### Task instructions
If pictures appear among the lines below, leave them out while you return exactly the lines from the one with "寶璣reine De Naples 8918腕錶,價值 Nt $ 1,163,000" through the one with "MRG Isuzu Gang Truck".

### Records shown
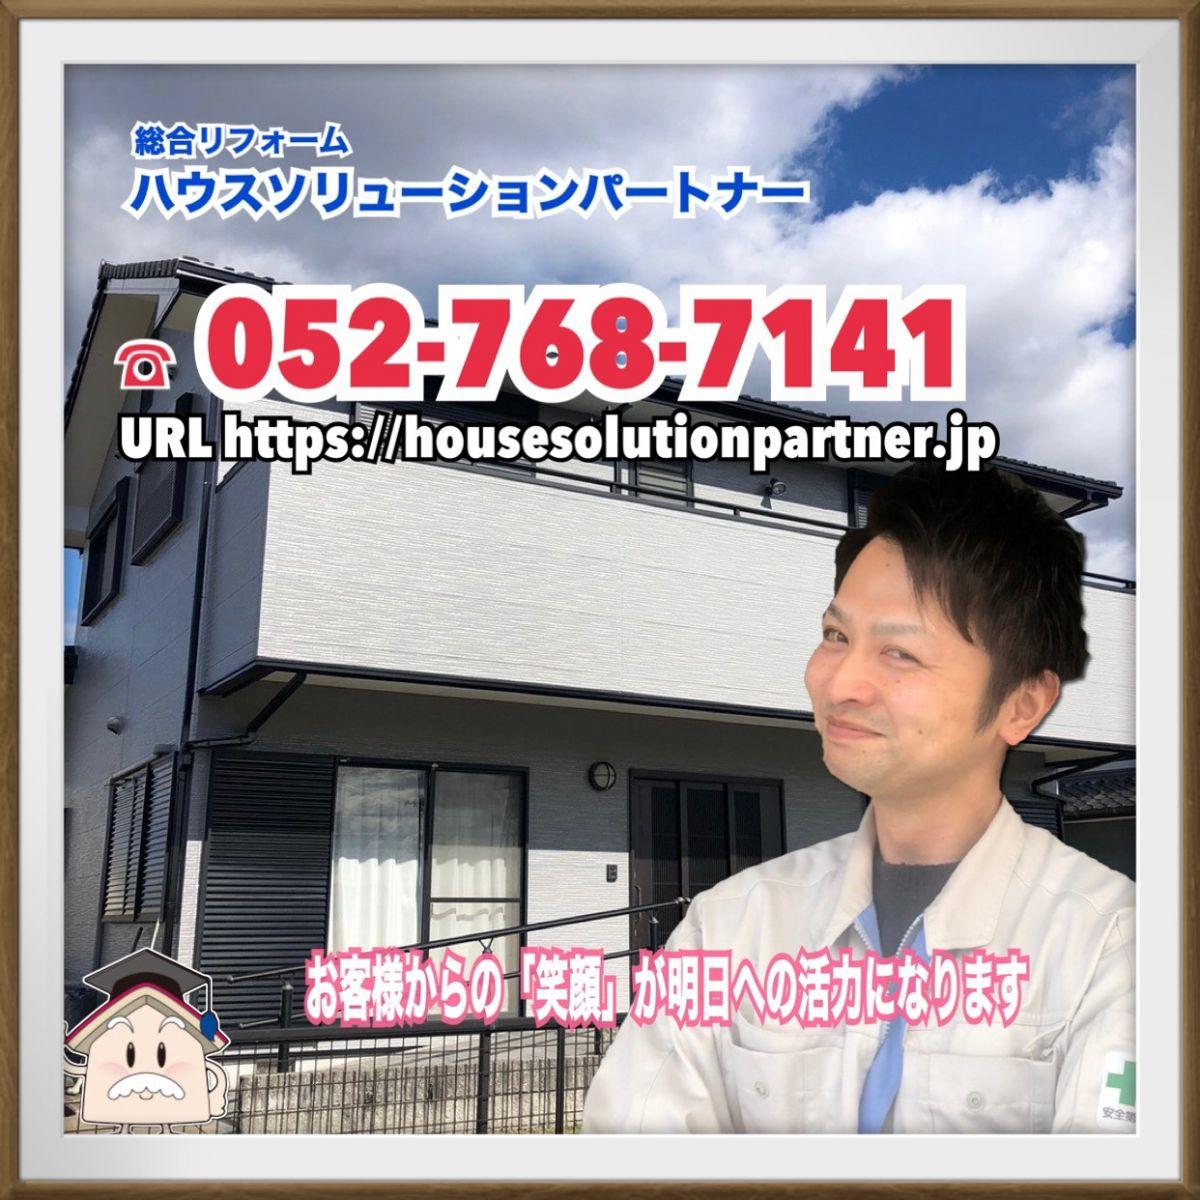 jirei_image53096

---

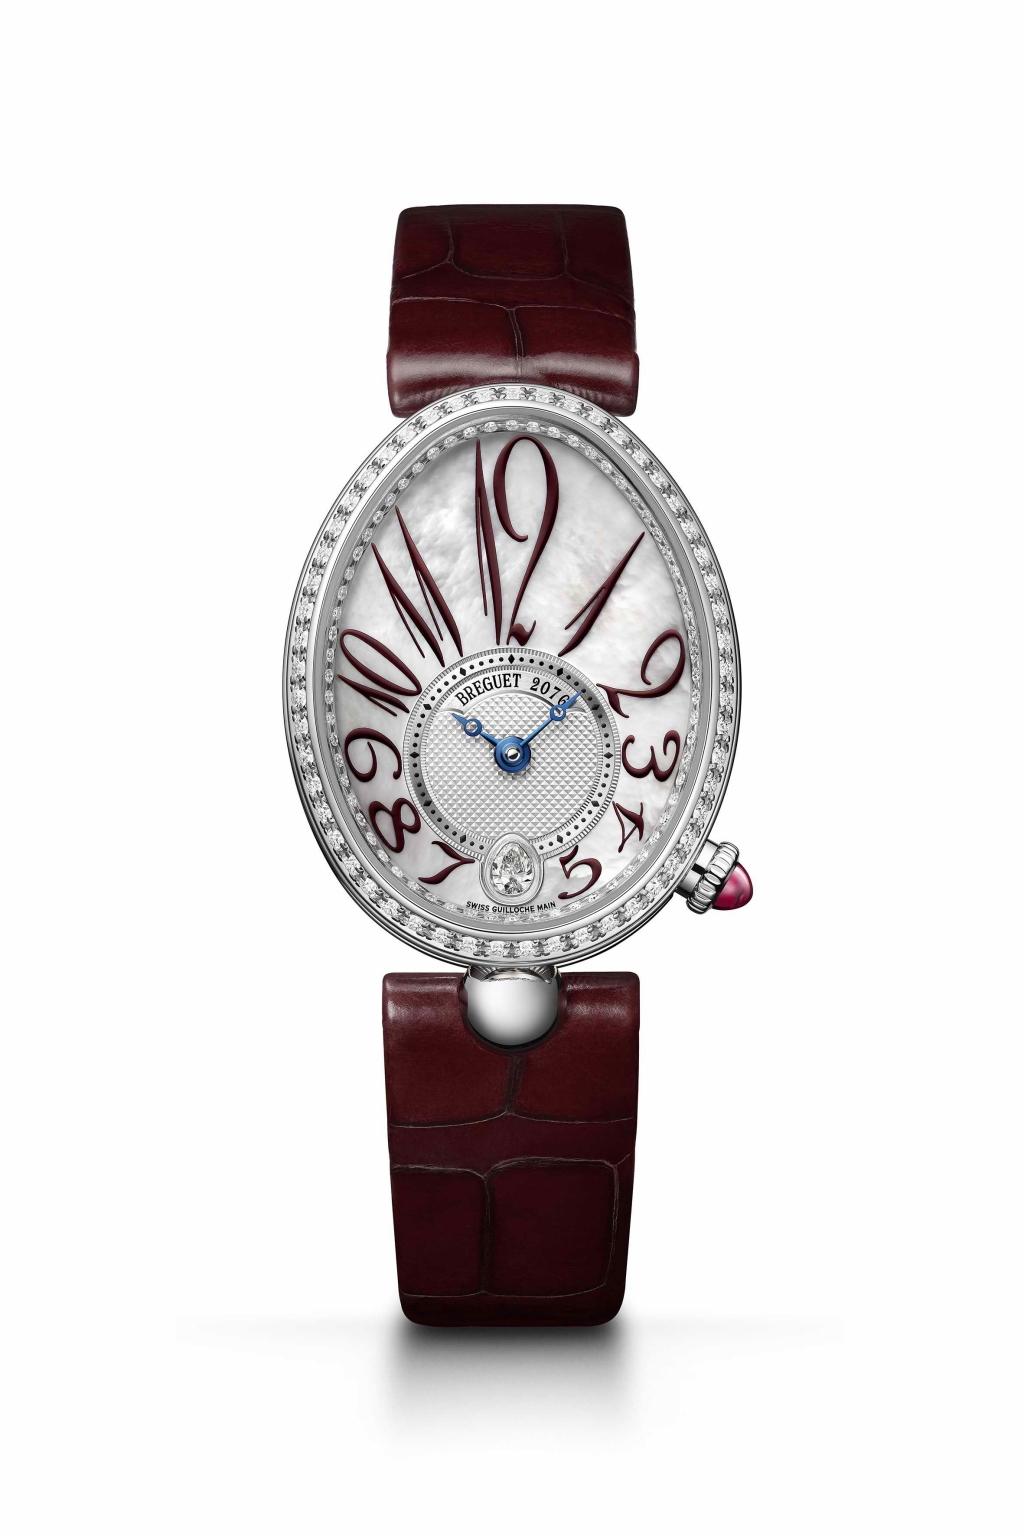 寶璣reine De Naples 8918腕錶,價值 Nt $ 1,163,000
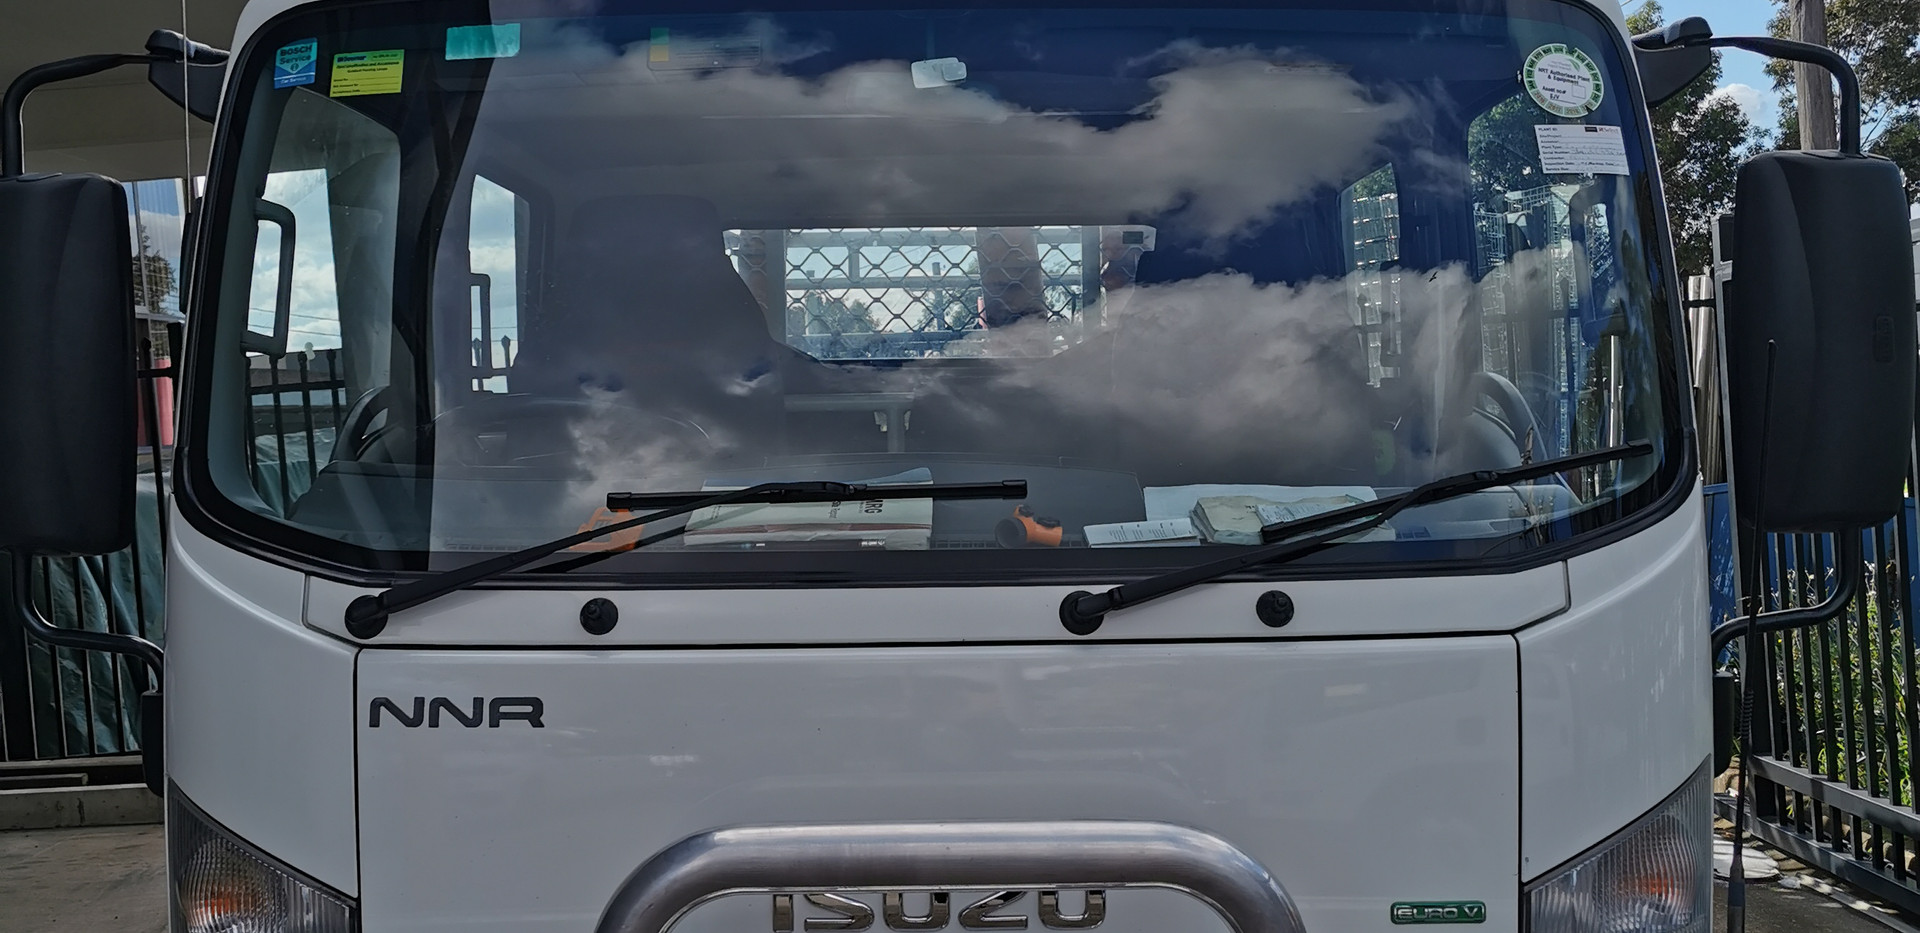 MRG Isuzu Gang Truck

### Written response
 寶璣reine De Naples 8918腕錶,價值 Nt $ 1,163,000
 MRG Isuzu Gang Truck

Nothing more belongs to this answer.